As a result of the tinplate and chromium treatment steps, the surface of the electrolytic tinplate has areas which are rich in tin and its oxides. Such material is prepared at the steel mill and can be ordered with varying weights of steel plate by the can makers convention of so many pounds of steel per base box which equals 31,360 square inches of plate with 62,720 square inches of surface (both sides). The amount of electrolytically deposited tin is designated by a fraction of a pound per base box (62,720 square inches).
Bare tinplate surfaces usually contain electrolytically deposited chromium or its oxides which passivates the tin surface to prevent tin oxide growth in warm humid environments. In the past such oiled metal surfaces were frequently flame or corona treated to reduce or oxidize these organics; however, these techniques are slow and energy intensive and require capital investment for expensive line equipment and space in the plant. The chromium, while serving the useful function of passivating the surface, is nevertheless a malefactor that interferes with adhesion of subsequently applied coatings and or inks.
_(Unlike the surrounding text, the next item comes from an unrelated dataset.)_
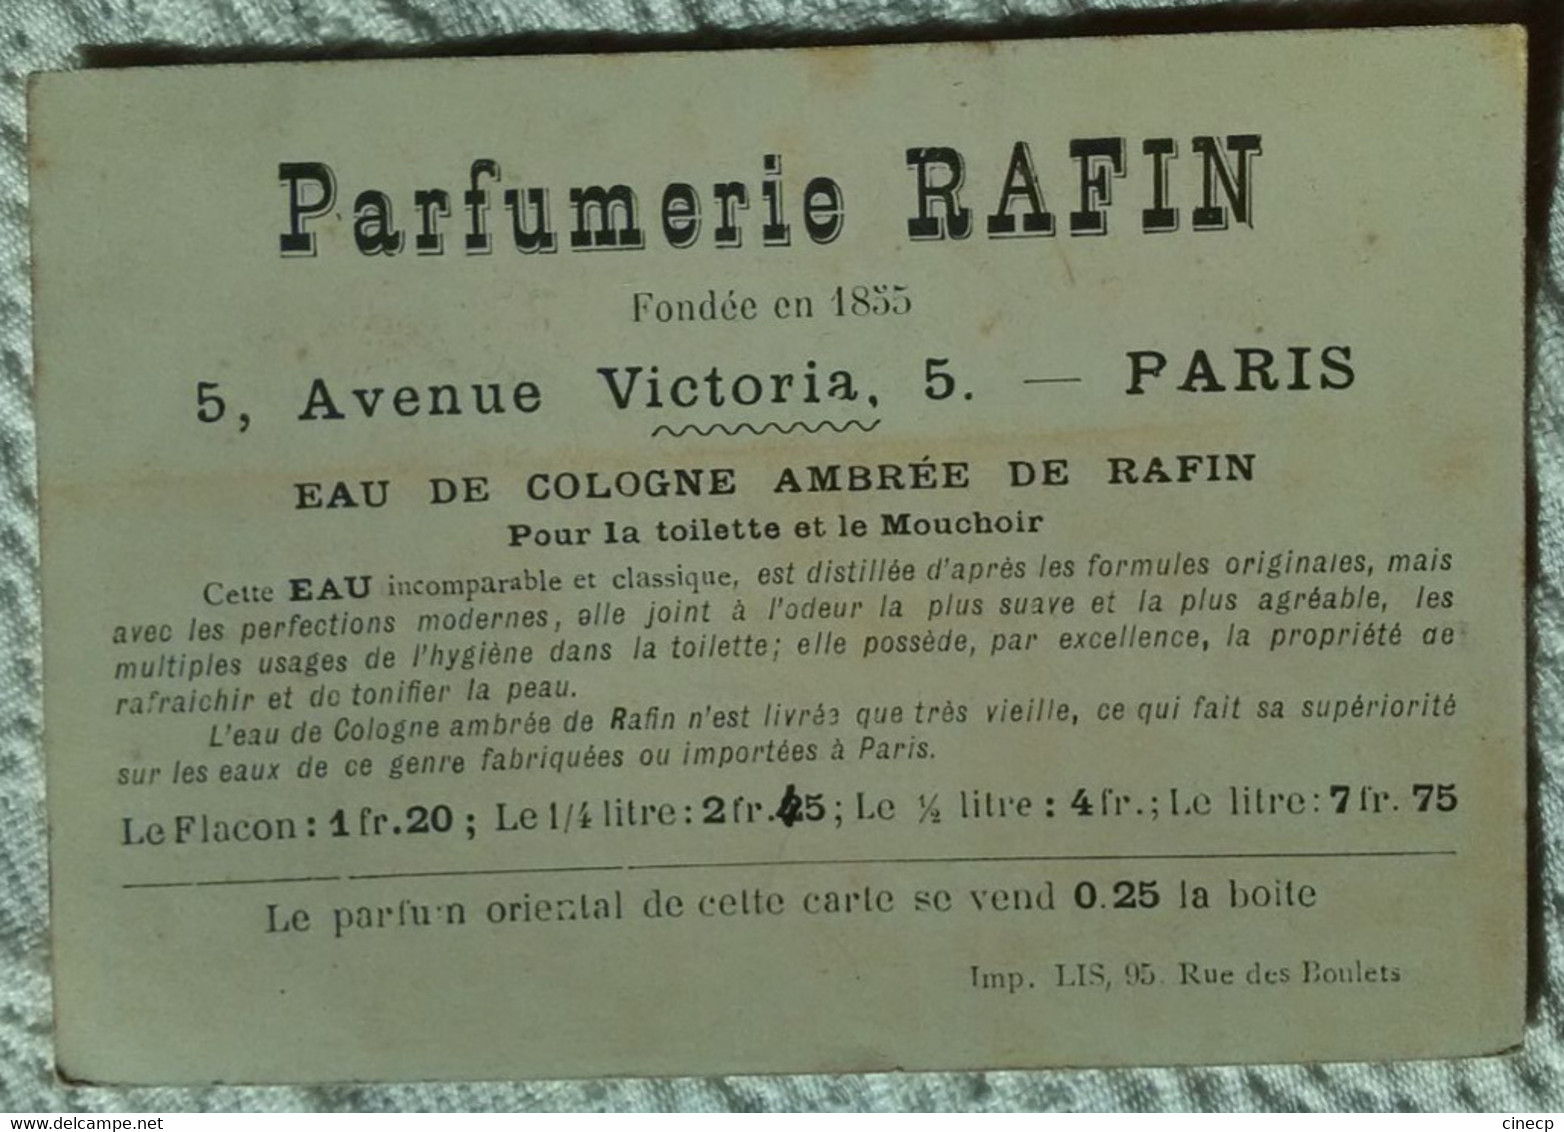 Très Jolie Carte Ancienne PARFUMERIE RAFIN PARIS PARFUM ORIENTAL Eau De Cologne Ambrée - Anciennes (jusque 1960)

In order to provide surface mobility to prevent abrasion during shipping or handling of the tinplated steel, the steel mills usually deposit electrostatically onto the tinplate surface a very thin coating of lubricant such as acetyl tributyl citrate, dioctyl sebacate or the like. Thus, the material as received has a lightly oiled metallic surface having areas of tin and its oxide and areas of chrome and its oxides. The commonly used lubricants are acetyl tributyl citrate, dioctyl sebacate or butyl stearate, all of which are relatively nonoxidizing liquids. When they are applied to the metals at a rate of 0.17-0.28 grams per 62,720 square inches of surface (per base box), a coating is formed slightly in excess of a monomolecular layer which acts to increase mobility and prevent abrasion during handling and shipment.
Electrolytic tinplate has been difficult to cover with adhesive resin systems. It has therefore been necessary to prime the surfaces of coil with a substance capable of adding reactive sites for anchoring to the base substrate and overcoating.
Organic titanates are known to be useful for promotion of adhesion of inks and coatings to metal surfaces and have been used as primers and/or to modify inks and coatings for improved adhesion to the metal substrate.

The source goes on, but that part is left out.